These lenses are designed for a specific wavelength, and if I am reading the
paper properly, only work with circularly polarised light. Essentially, for a
given design wavelength and focal length there is a desired phase shift at
each point on the lens. This phase shift is caused by the titanium dioxide
"nanofins" which rotate the circularly polarised light to produce the desired
phase shift. The phase shift is determined by the angle at which each fin is
rotated. This produces a pattern of fins rotated relative to one another,
which can be seen in the images of the BBC article.

While the lenses are designed for a target wavelength, they're not entirely
useless at other wavelengths, they just have terrible chromatic aberration. In
all other respects they seem to be excellent (especially for their size), but
this makes them useless for most commercial applications.

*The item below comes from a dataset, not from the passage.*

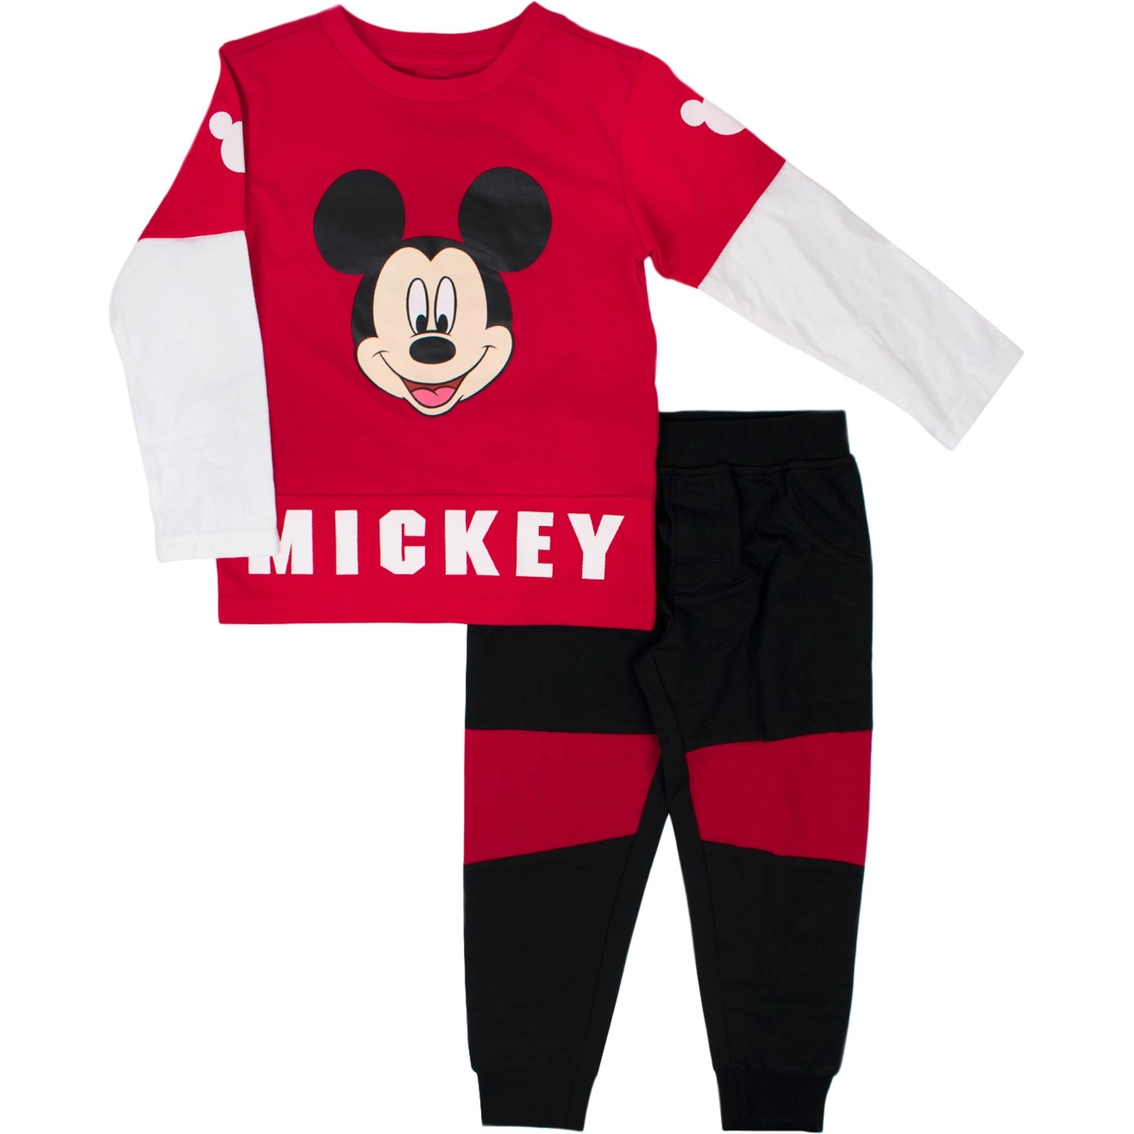 4dbd8a29e Disney Toddler Boys Mickey Mouse 2 Pc. Shirt And Pants Set | Toddler ...
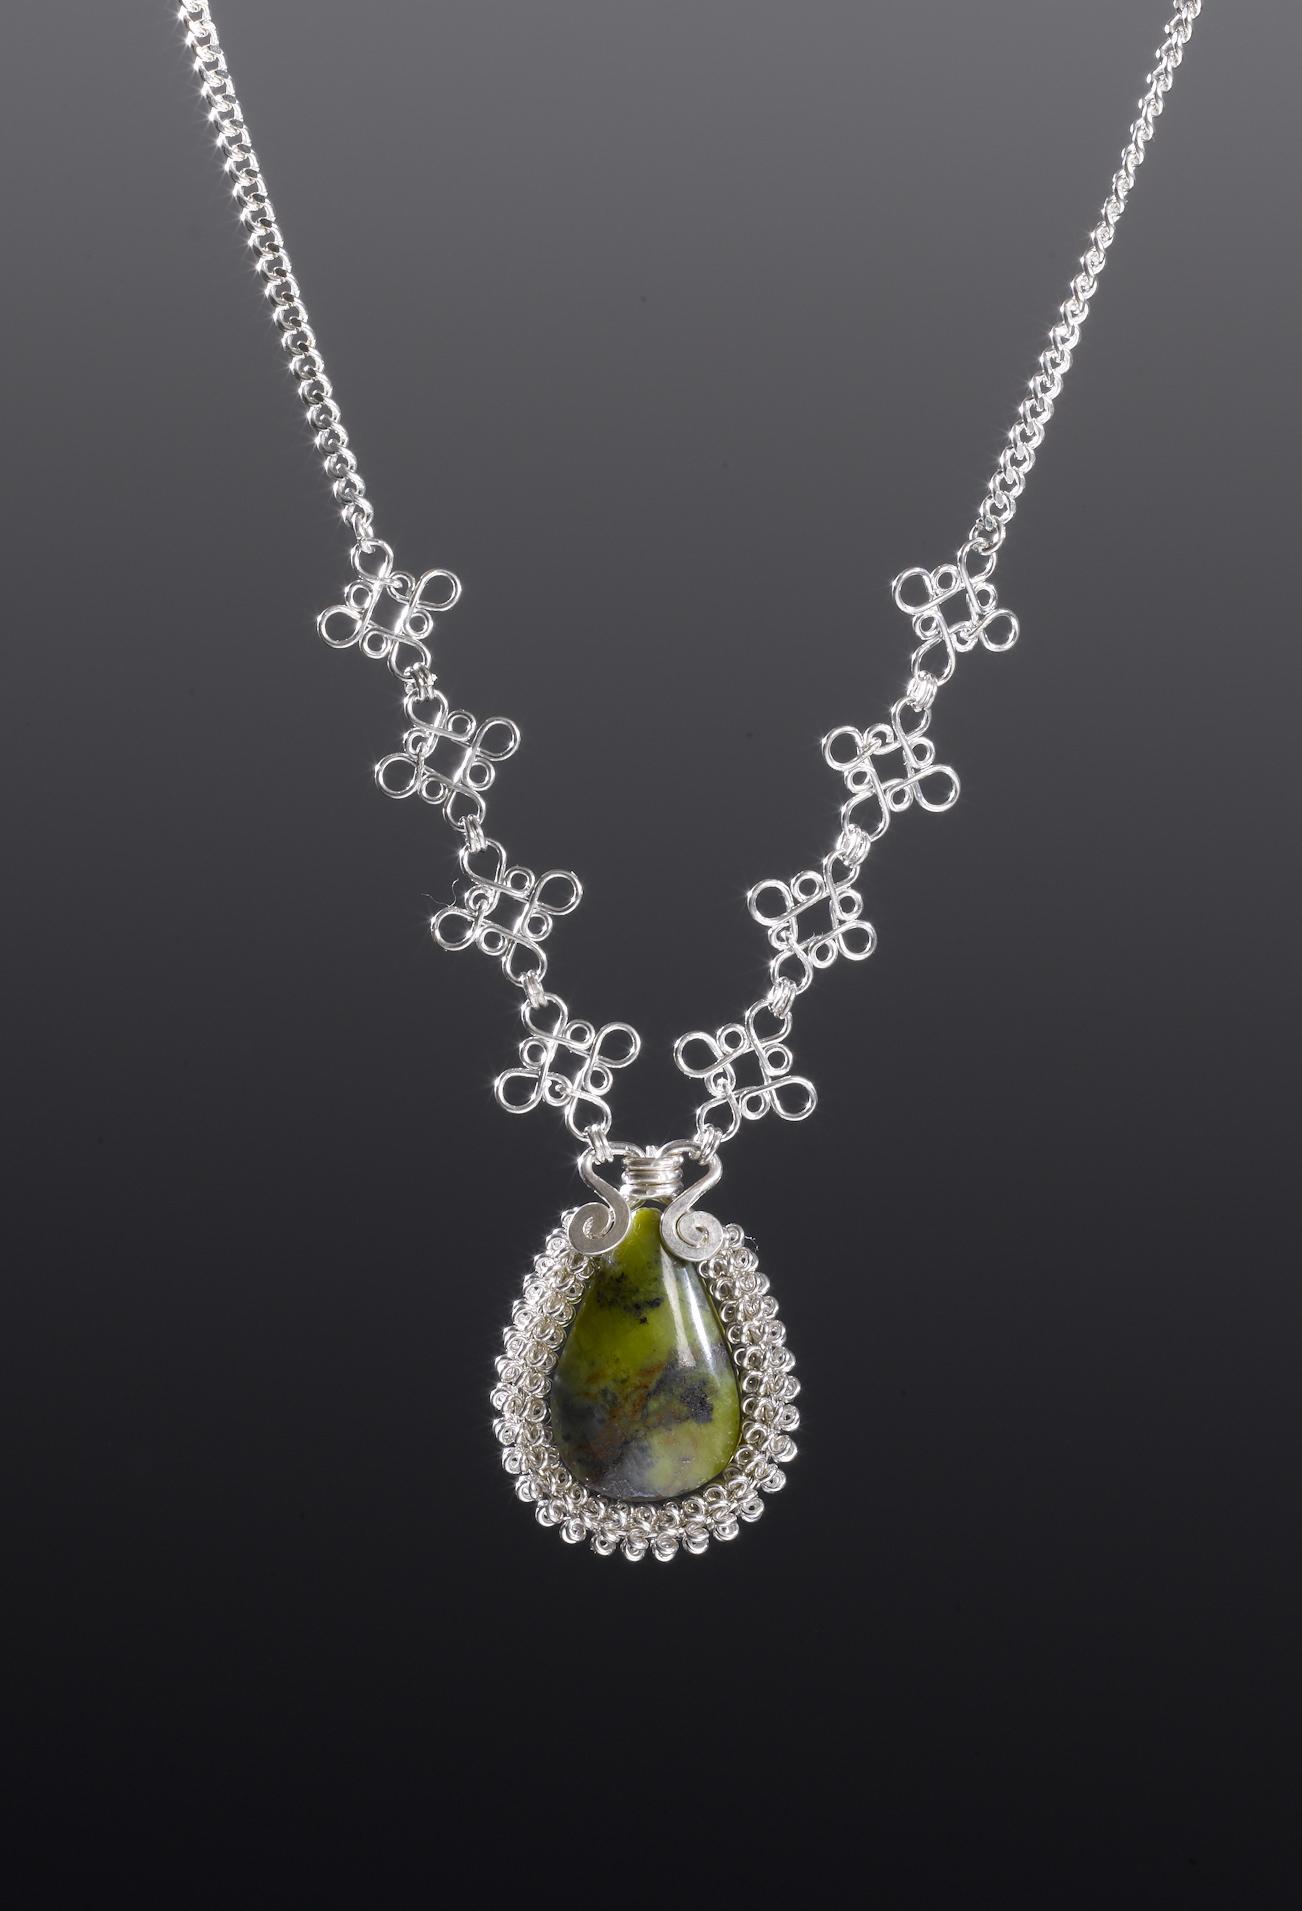 macchu silver necklace by designer coco paniora salinas

To manufacture the lenses, they start with a substrate of silicon dioxide; not
actually glass as said in the article, but quartz, like sand. This is coated
by a resist, which is patterned by electron-beam lithography. The resist is
"positive", meaning that the exposed part is removed when developed. A thin
layer of titanium dioxide is deposited using atomic layer deposition. This is
a type of thin film deposition technique that allows the deposition of a
single atomic layer at a time. This is accomplished by introducing two
different precursors one at a time alternately in sequence, the number of
cycles determines the number of layers. With this they can essentially deposit
just enough TiO2 to fill the holes left in the resist, though it also
deposited on top of the unexposed resist.

The TiO2 remaining on top of the undeveloped resist is etched off and the
undeveloped resist is removed, leaving just the nanofins. The nanofins have a
high "aspect ratio", meaning height-to-width, which makes them challenging to
produce using most semiconductor fabrication techniques. They are however
quite large compared to modern semiconductors, on the order of hundreds of
nanometers, which makes most things easier. Semiconductor fabrication uses
photolithography, this used electron-beam lithography. While electron-beam
lithography can in principle produce smaller feature sizes than
photolithography (due to the smaller wavelength of electrons), that was not
needed for this application; rather electron-beam lithography does not require
the creation of a photomask and is consequently much more useful for small
scale prototyping.

Commercially producing these lenses at scale could potentially be done with
photolithography, though there would be a large upfront cost due to the need
to fabricate photomasks. Monocrystalline silicon substrates are standard and
silicon-dioxide-on-silicon is extremely common; I suspect the lenses could be
fabricated on such a SiO2-Si substrate and the silicon on the back face
removed, leaving optically transparent lenses.

------
jwatte
"Shapes on the surface of this lens are smaller than the wavelength of light
involved: a thousandth of a millimetre."

A micron is 1000 nm and visible light is about 900 nm and down. Close but no
cigar.

------
gradi3nt
You have to love pop sci headlines with phrases like "...promises possible..."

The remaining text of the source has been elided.